ZIMBABWE— The Ministry of Finance and Economic Development, has directed the cancellation of 17 rogue pharmacy after the Financial Intelligence Unit Investigations (FIU) conducted investigations which found the businesses violating the exchange rate.

The ongoing investigations by the Zimbabwean FIU have revealed that the mentioned pharmacies were using parallel market exchange rates ranging from US$26.40 to US$34.166

The violations have led the businesses to make a considerable profit given that the current exchange rate tithers around US$15.52.

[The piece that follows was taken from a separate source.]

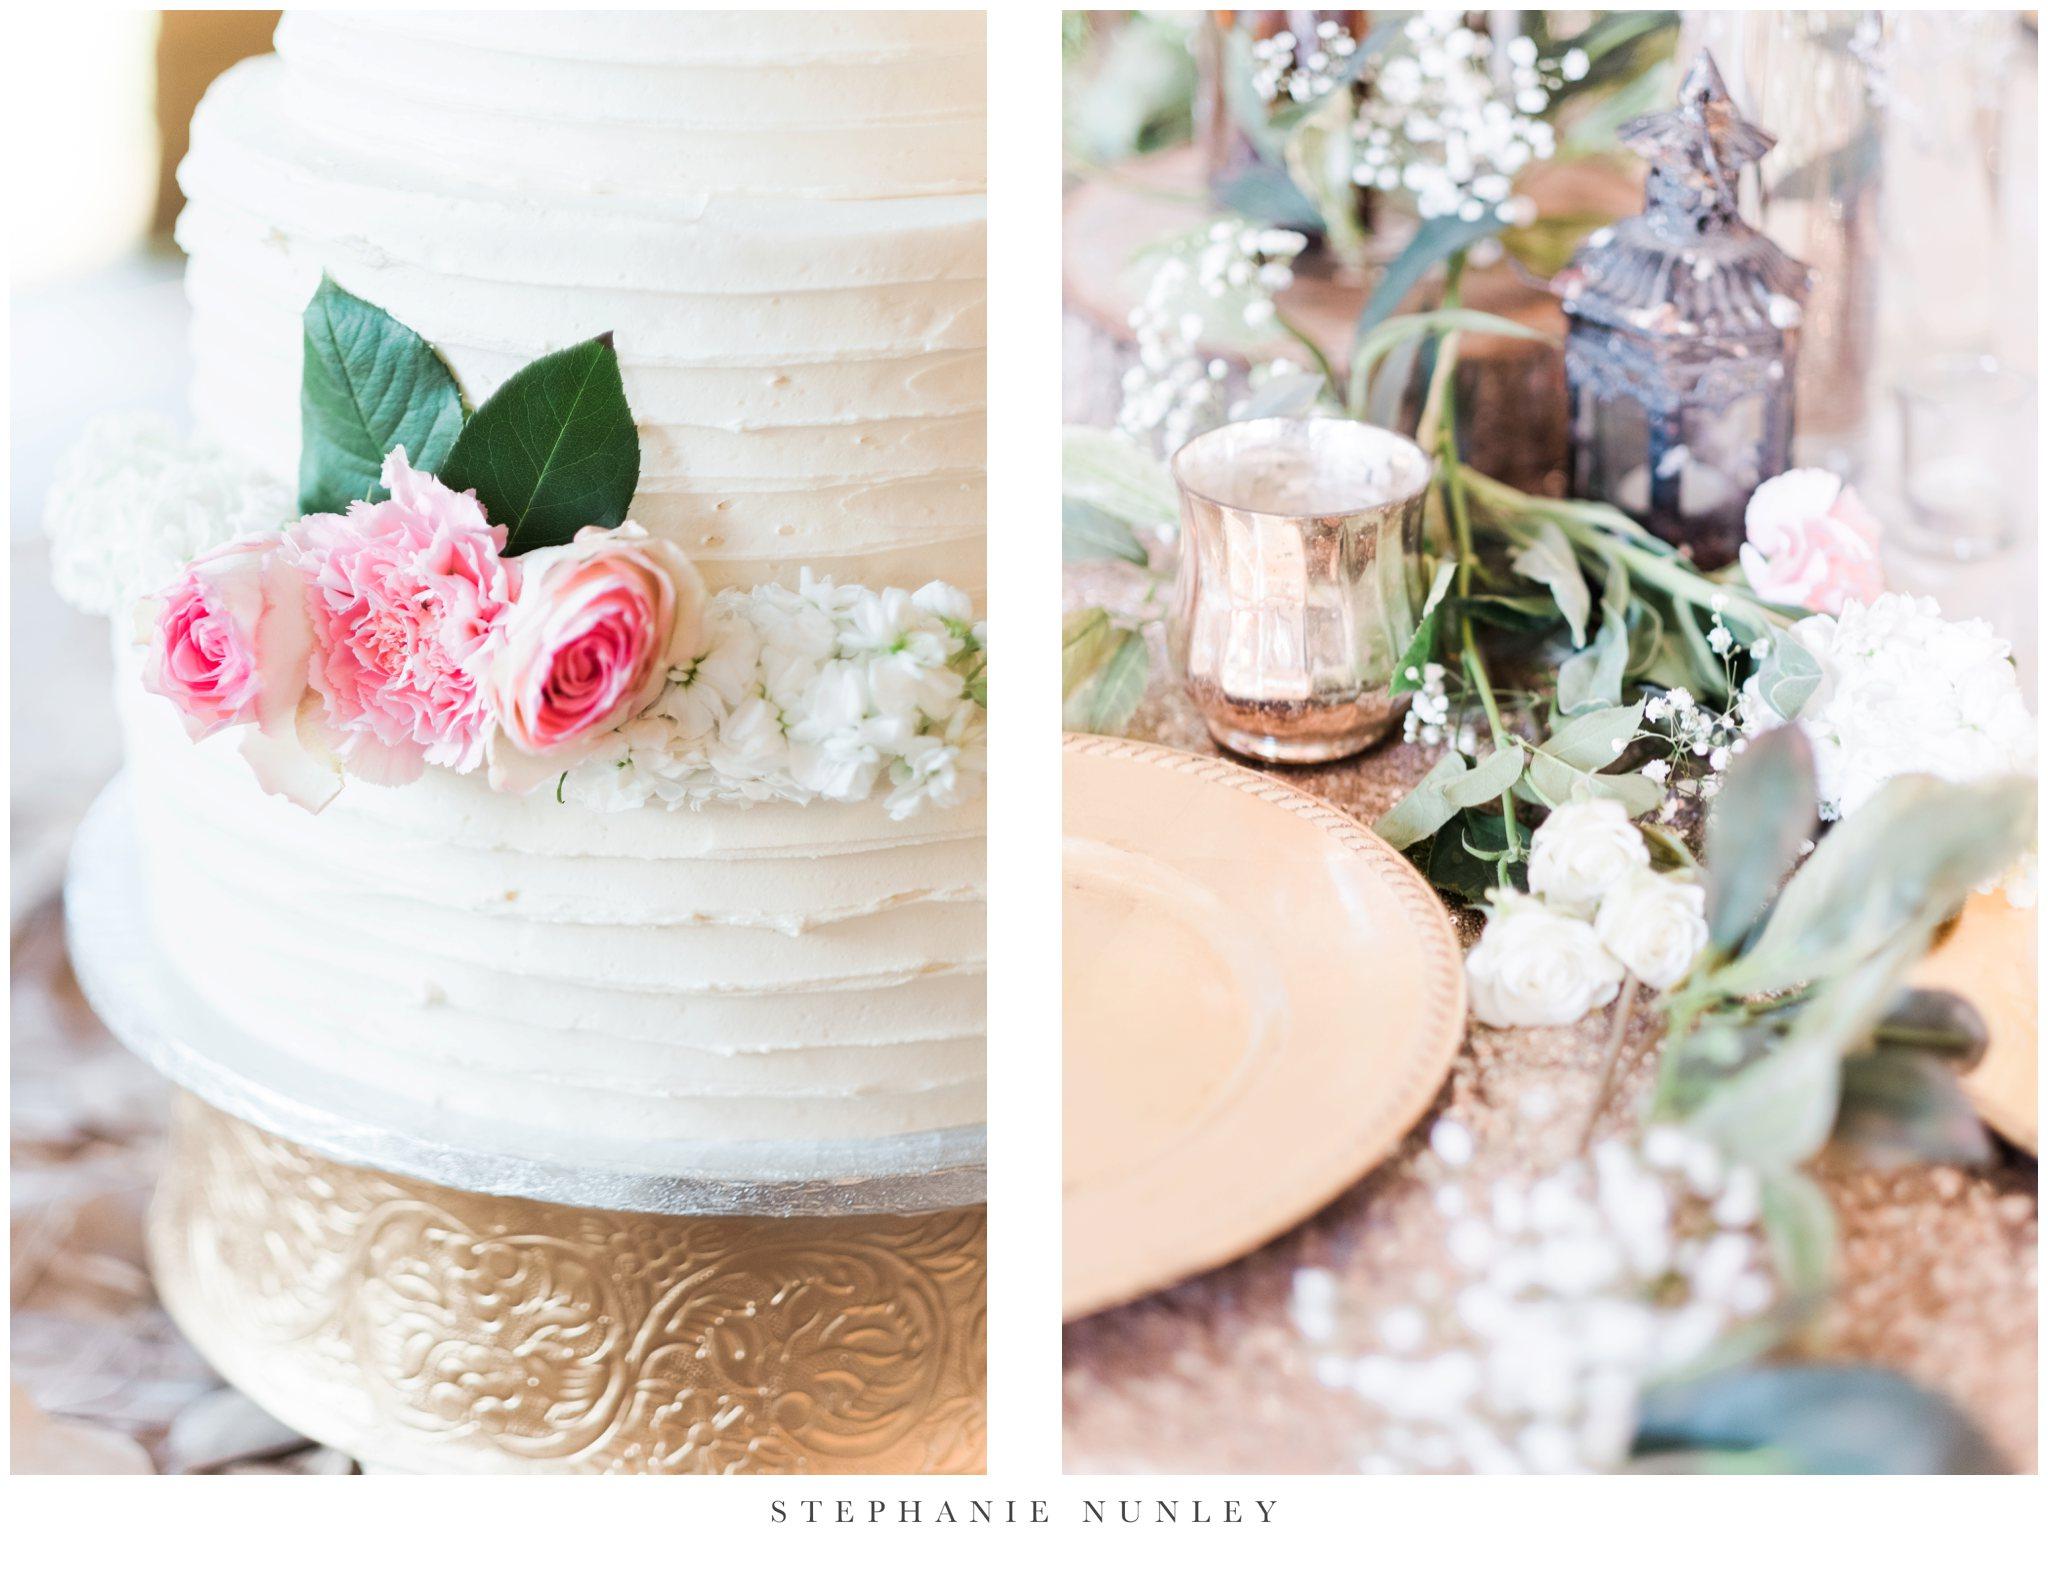 romantic-outdoor-wedding-with-flower-crown-0123.jpg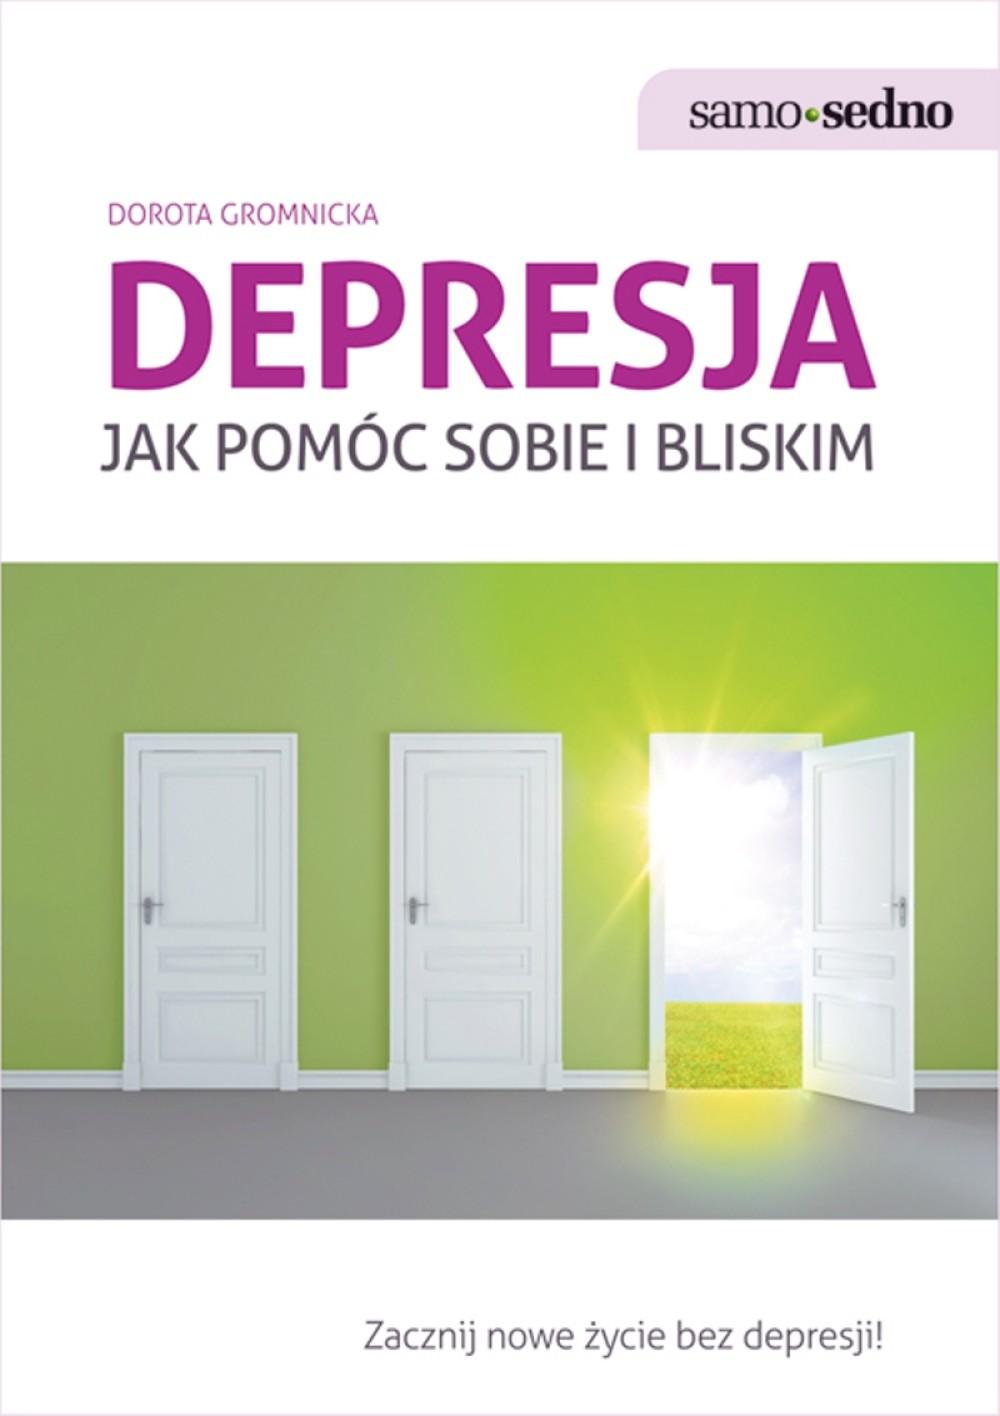 :: Samo Sedno - Depresja. Jak pomóc sobie i bliskim - e-book ::

FIU terms this as pegging prices using black market foreign currency rates in violation of the treasury’s exchange control directives.

Notwithstanding observers note the move by the ministry is terrible and that it is likely to cripple the delivery of medication in the country.

The pharmacies whose licenses are drawn from the districts of Kadoma, Chegutu, Kwekwe, Gweru, Rusape, and Mutare.

The Ministry notes that this is a complete violation of government policy and the country’s anti-money laundering regulations.

Moreover, it was also noted that this practice is also rampant and certainly not limited to the pharmaceutical sector, an indication that more companies will soon face penalties.

Although the current drastic steps come after a prolonged period of diplomacy and engagement with the business community on the need to respect prevailing exchange rates.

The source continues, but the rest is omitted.